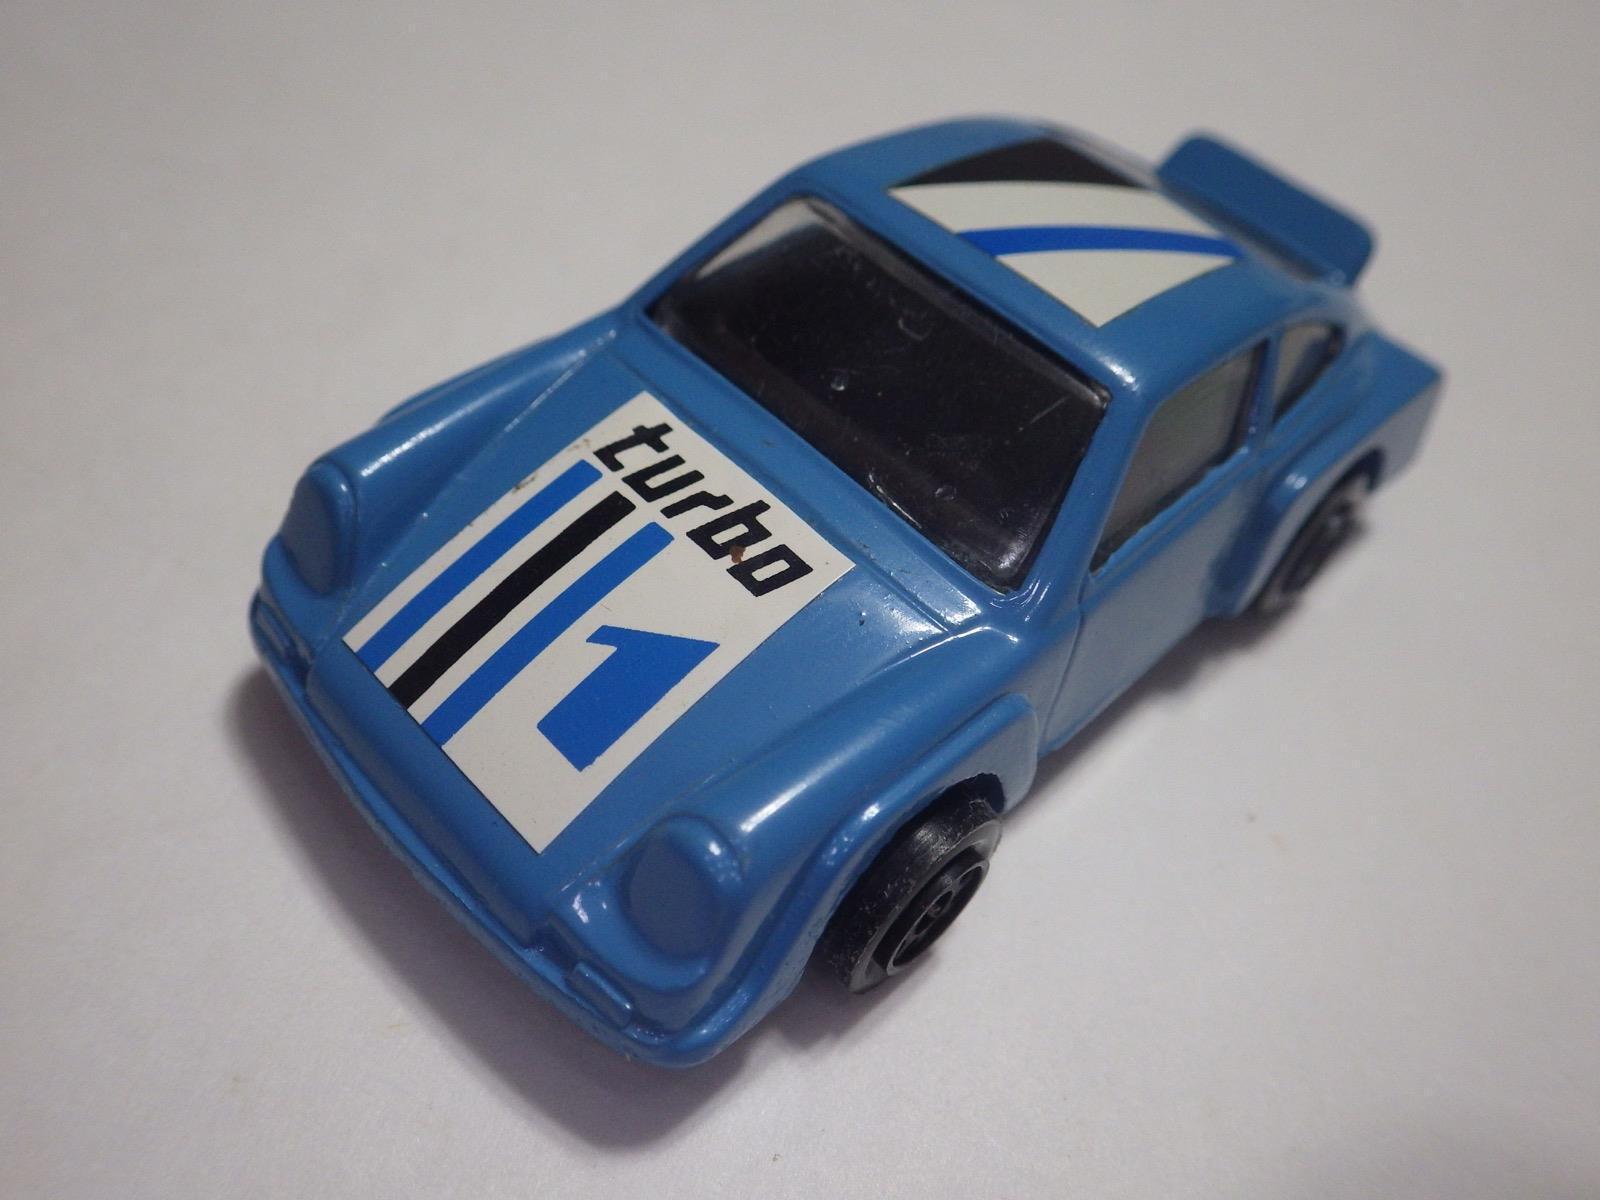 Carex (Poland) bluee Porsche Carrera Carrera Carrera RS (Turbo) Diecast 68-mm ec75e1
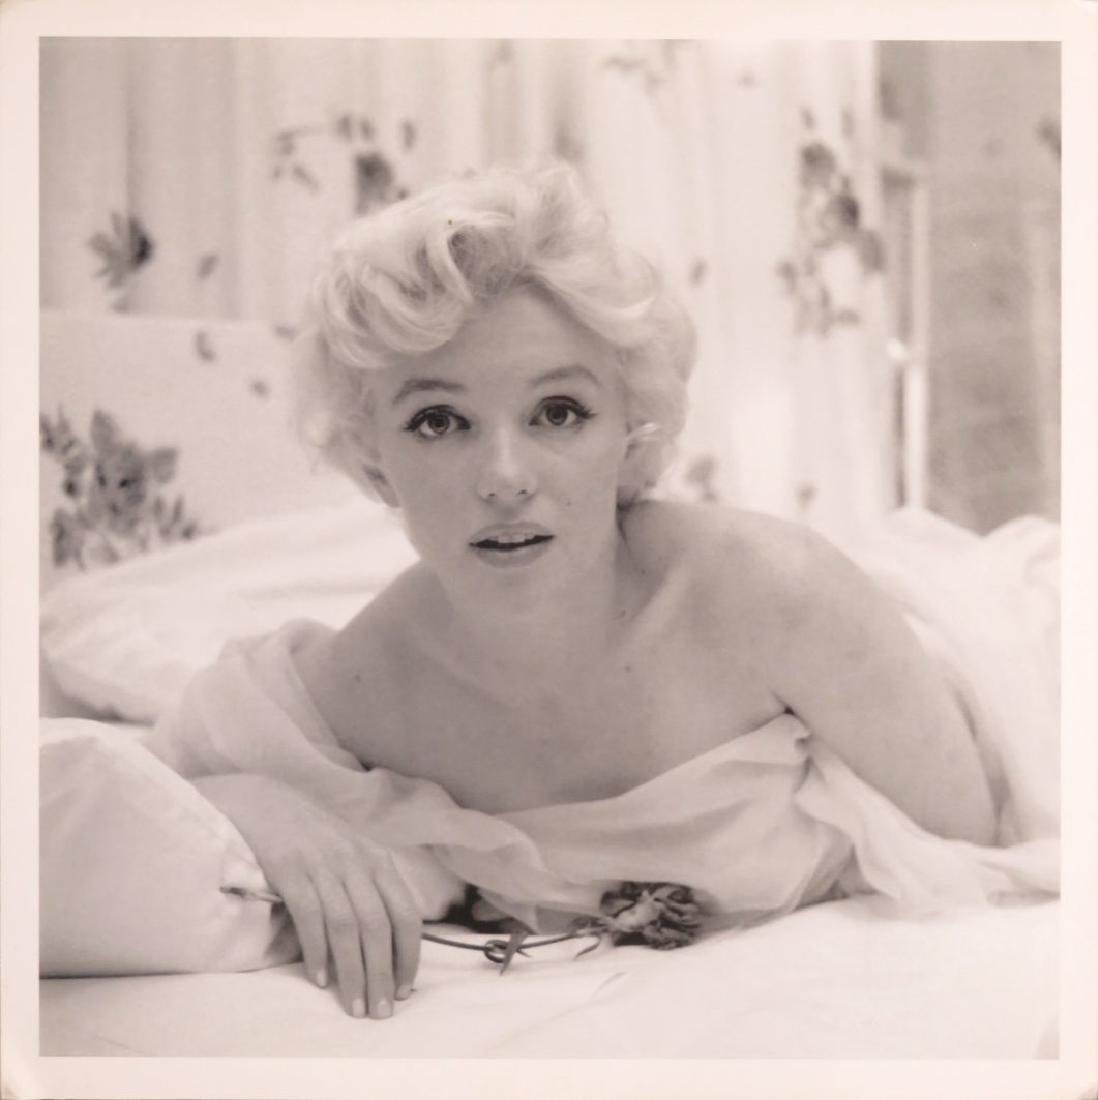 Marilyn Monroe Cecil Beaton Portrait Photo
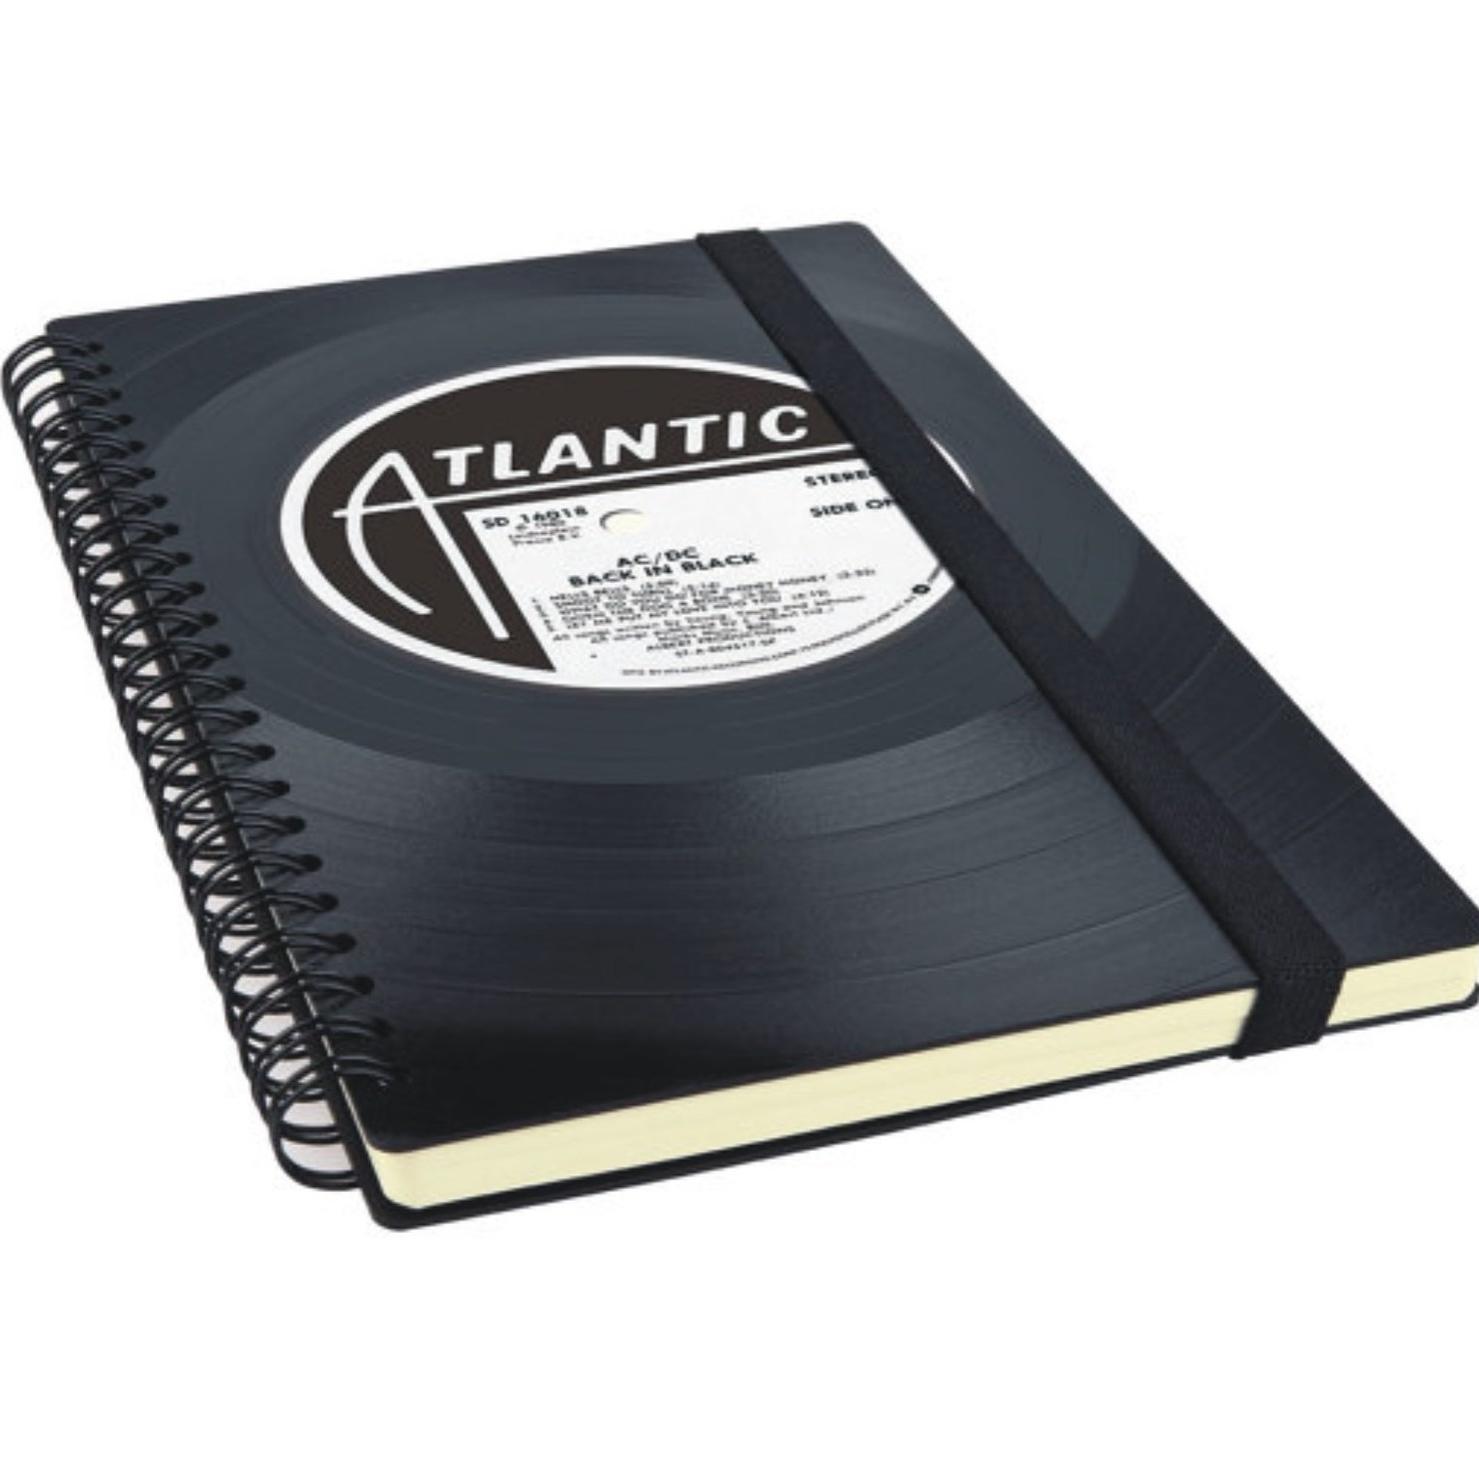 Vinyl Record Notebook $30
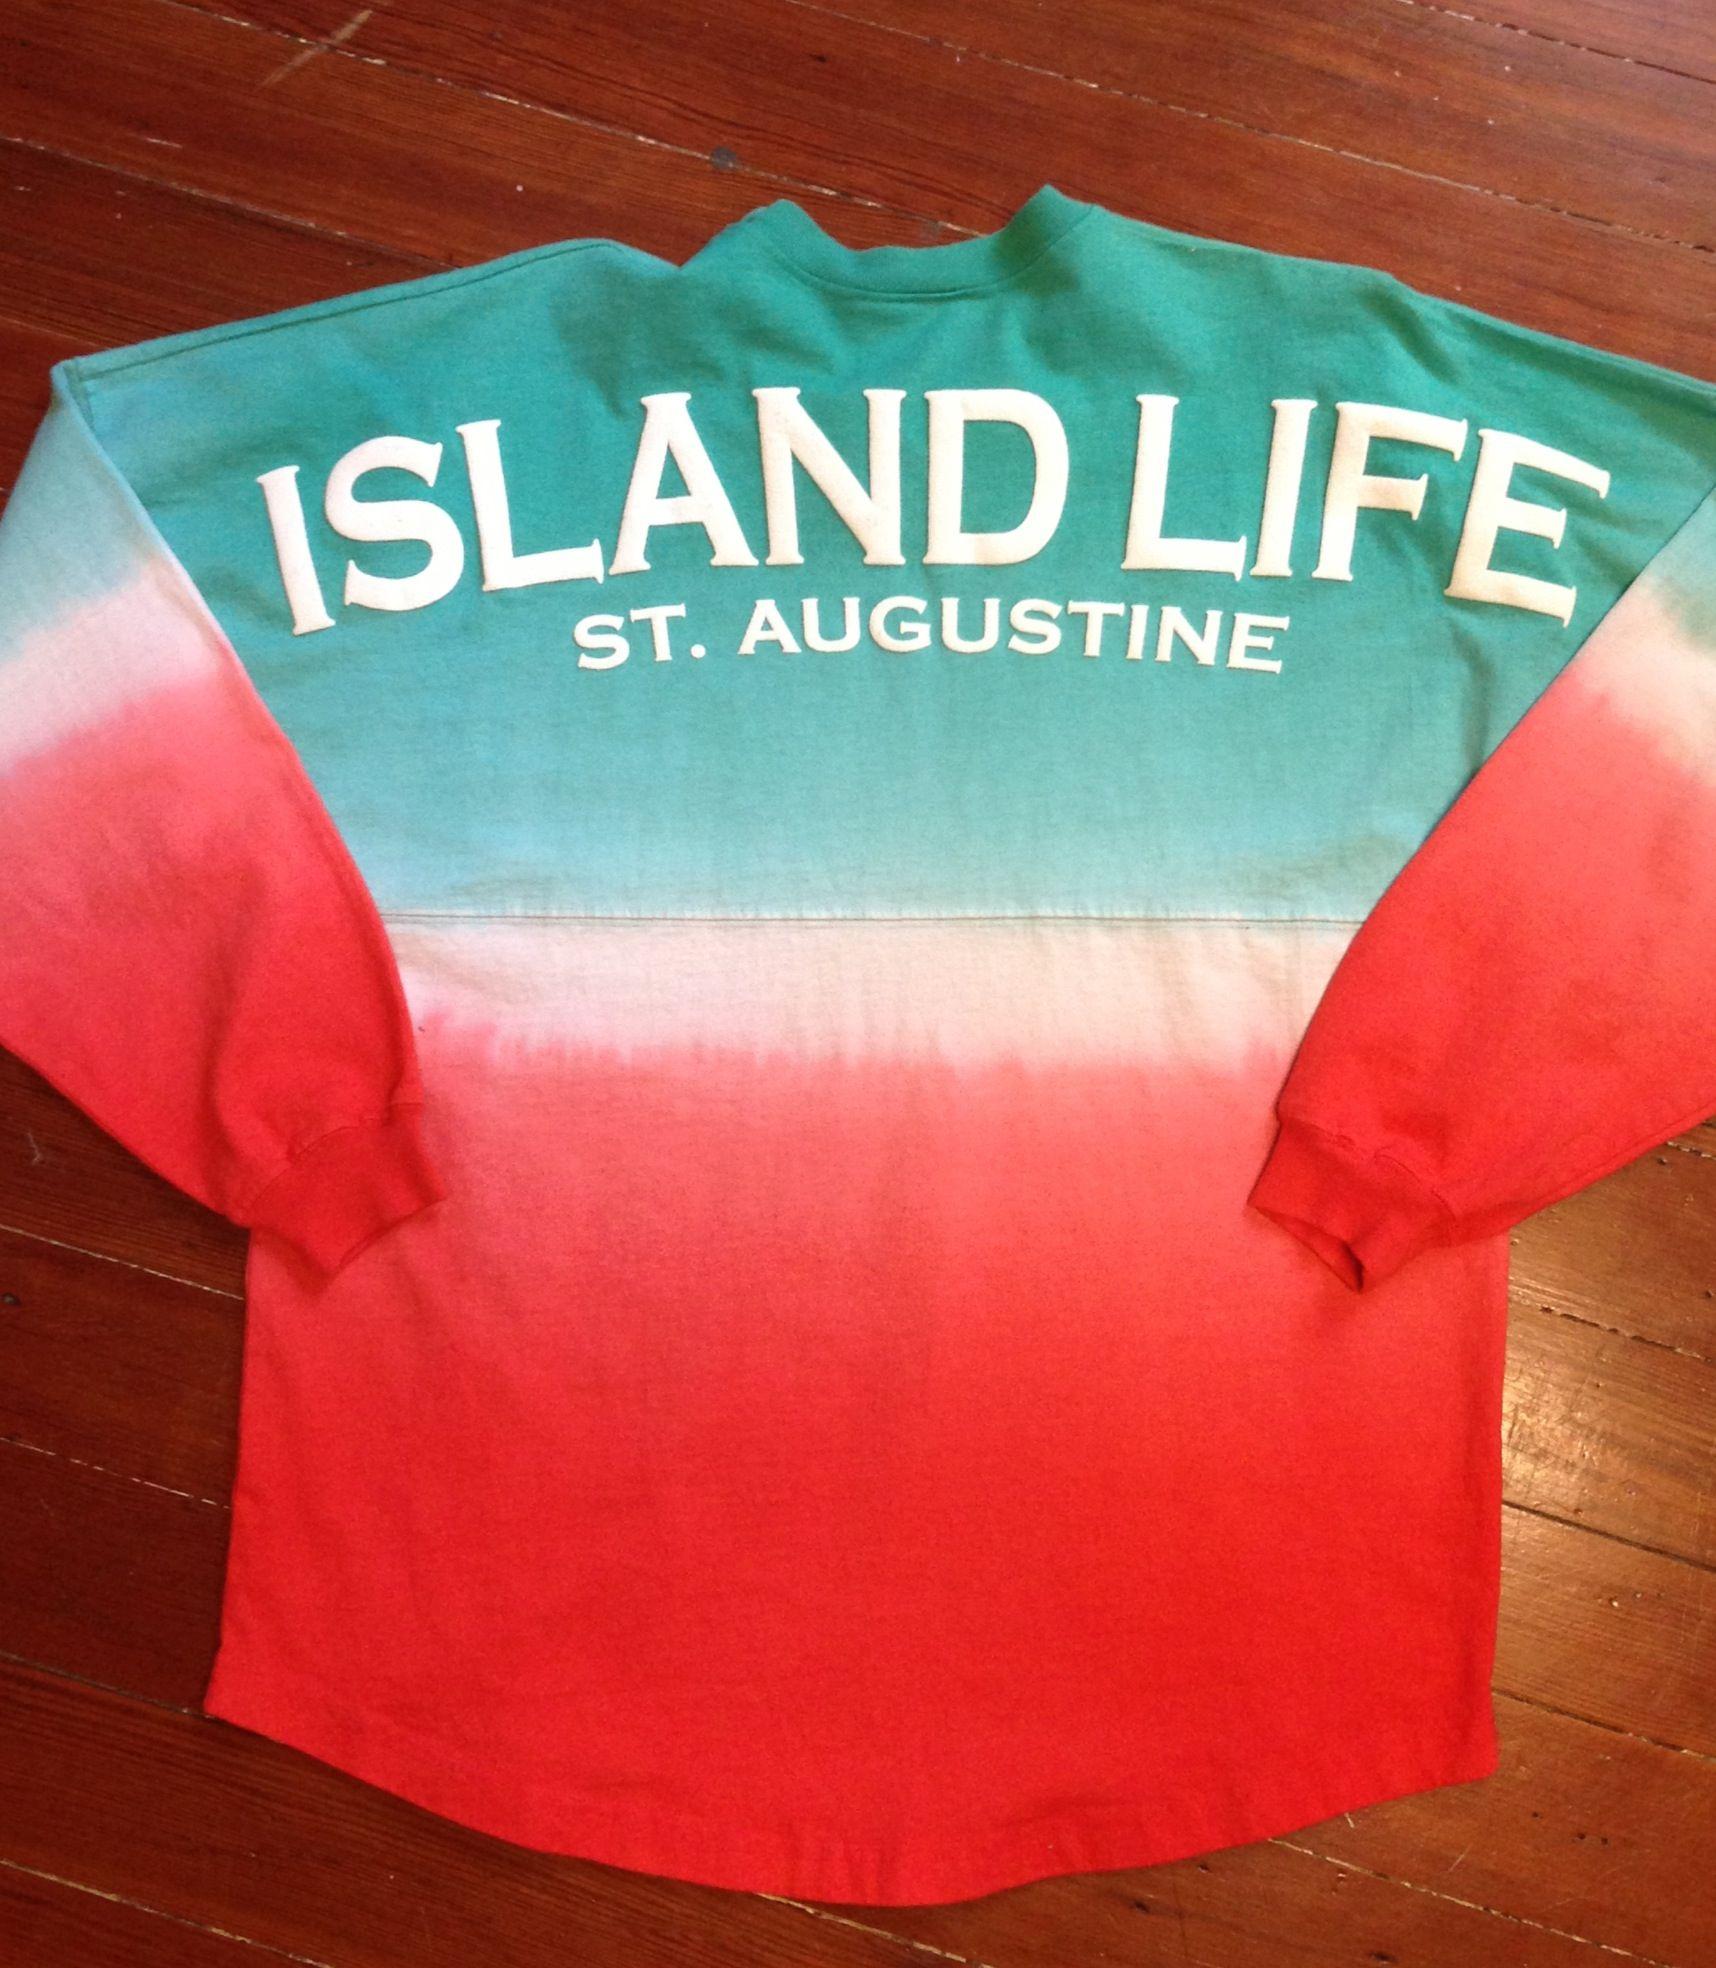 Island life st augustine fl

— WHAT TO WORK ON —
Write out the listing above again, exactly, but with no pictures in the copy.

— ANSWER —
 Carex (Poland) bluee Porsche Carrera Carrera Carrera RS (Turbo) Diecast 68-mm ec75e1
 Marilyn Monroe Cecil Beaton Portrait Photo
 Vinyl Record Notebook $30
 Island life st augustine fl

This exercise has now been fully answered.